I don’t know how we got on the conversation about crime and then she told me everything from how her grandchild was molested, how she got mugged and then she started talking about she didn’t like the way the way the young men wore their pants riding down on their behinds. When I tell you there wasn’t a subject we didn’t discuss during this time and then all of a sudden she began to talk about her deceased husband and how he cheated on her and came home with “crabs”. He left her for another woman who lived around the corner for them and they hung out in a neighborhood bar. Apparently she went to the bar and started kissing on some man to make her husband jealous and he got mad. She told me that this other guy was a good kisser, but she wasn’t a flirt. And of course I’m laughing as she telling it to me because I’m figuring she must have been quite a hoot as a young woman. She told me that every time she walked past the cemetery she told him “thank you for the check” (she was referring to his social security check that she now collects) and that’s one of the reasons she was at the bus stop with me was because she had just come from shopping.

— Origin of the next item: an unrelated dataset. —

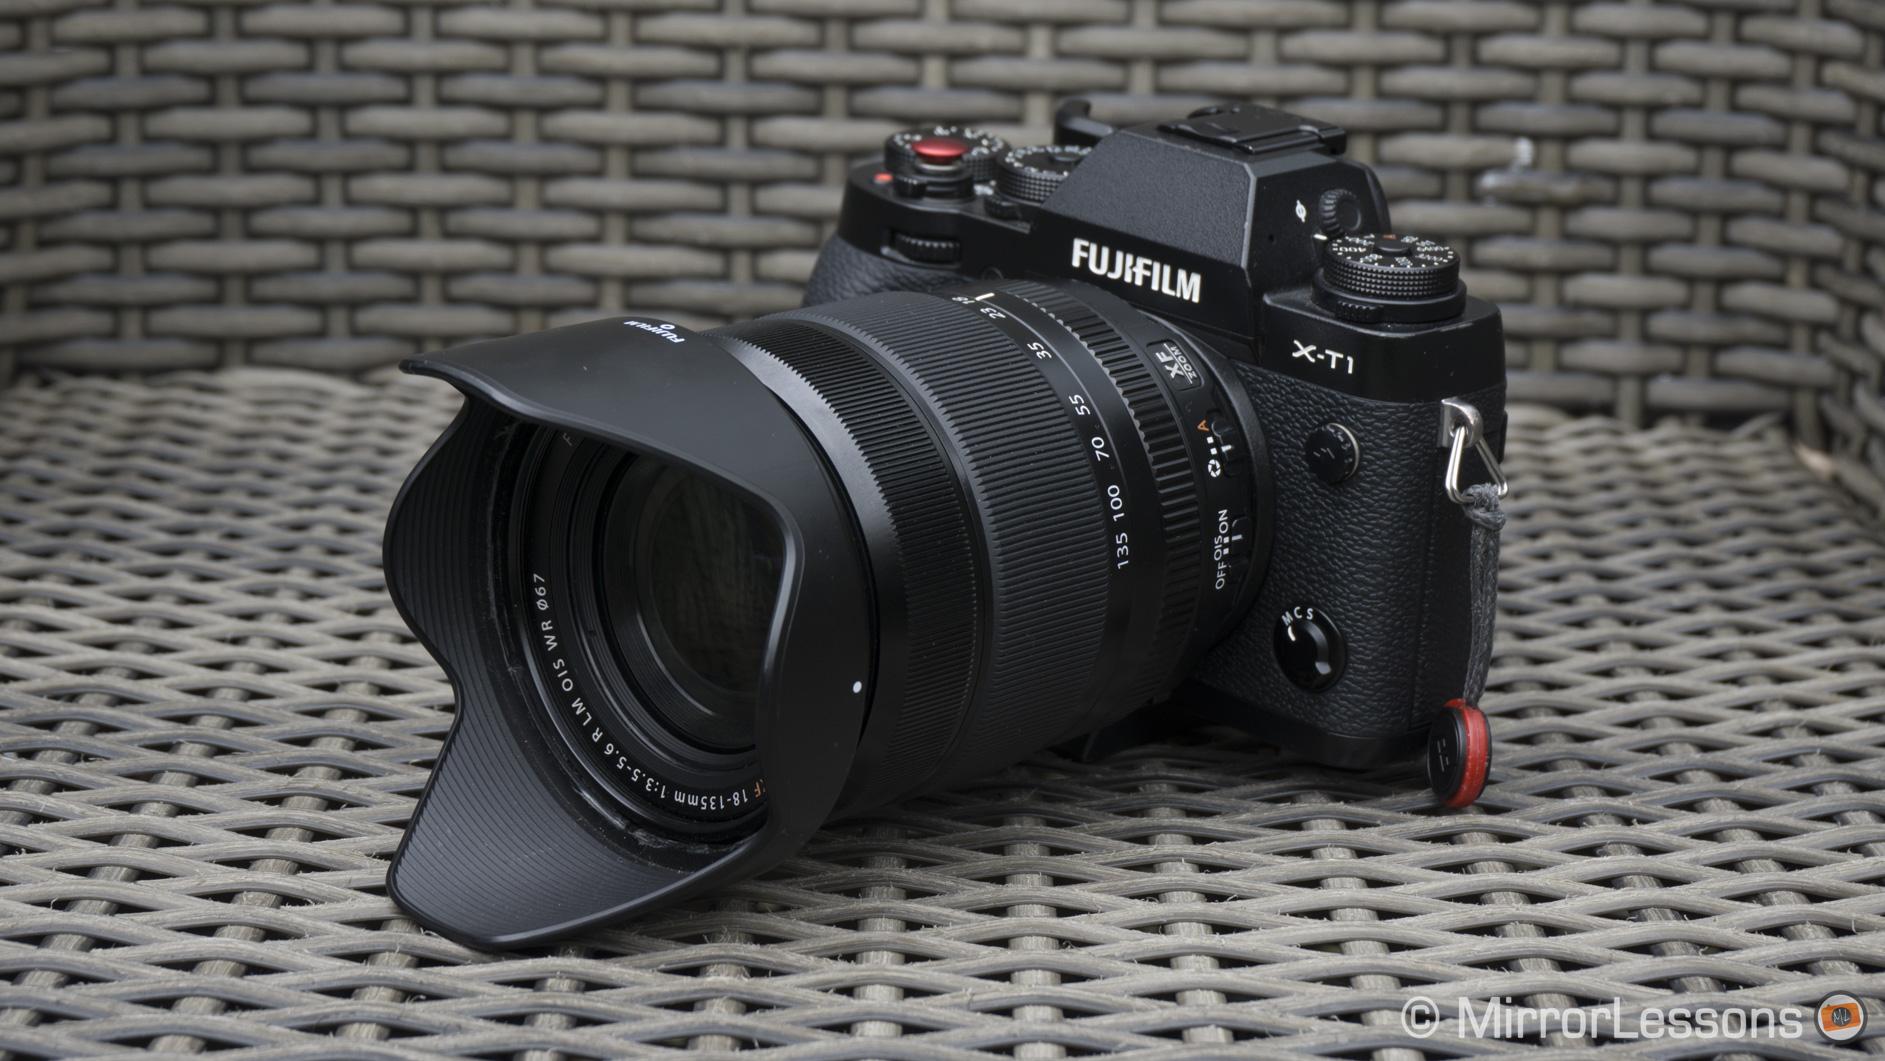 fujifilm 18-135mm review

Next she started telling dirty jokes. What kinds of foods does a priest like to eat? Answer: Nun. Why is there a gate around a cemetery? Answer: Because people are dying to get in. There was another one about a man telling her how long his penis was. She asked him if it could touch his butt and he told her yes, so she said, “I told him then go f__k yourself.” I could have died at that moment.
Okay, so I’m appalled and laughing at the same time with this old woman.
Then she gets on the subject about going to church and the hypocrites that are in the church with her. She has a problem with how many times they pass the collection plate, especially since she ran into her priest and two nuns in a casino in Mississippi. I told her they were probably putting her money to good use. That got a laugh out of her.
You might have noticed that we talked about quite a few things. We didn’t have anything better to do since the bus was an hour late. When it finally arrived they got on first and I was one of the last to board. The bus was packed with riders. The standing woman patted her lap and wanted to know if I wanted to sit down on it. “No, I’m cool,” I told her as I walked to the back of the bus where I found an available seat. That kind of ended my conversation with them. Ah, senior citizens. You have to love them.
I had just enough time to turn my MP3 player back on before some woman set next to me and crushed me half to death. Ladies, if you butt if bigger than the average sized bus seat down try to squeeze into it.
As you can tell this blog is about characterization and I had a couple of winners today. I could probably use her in a story and might one of these days. Some of my old teaching came back to me. Listen to the people around you. This afternoon I got an earful.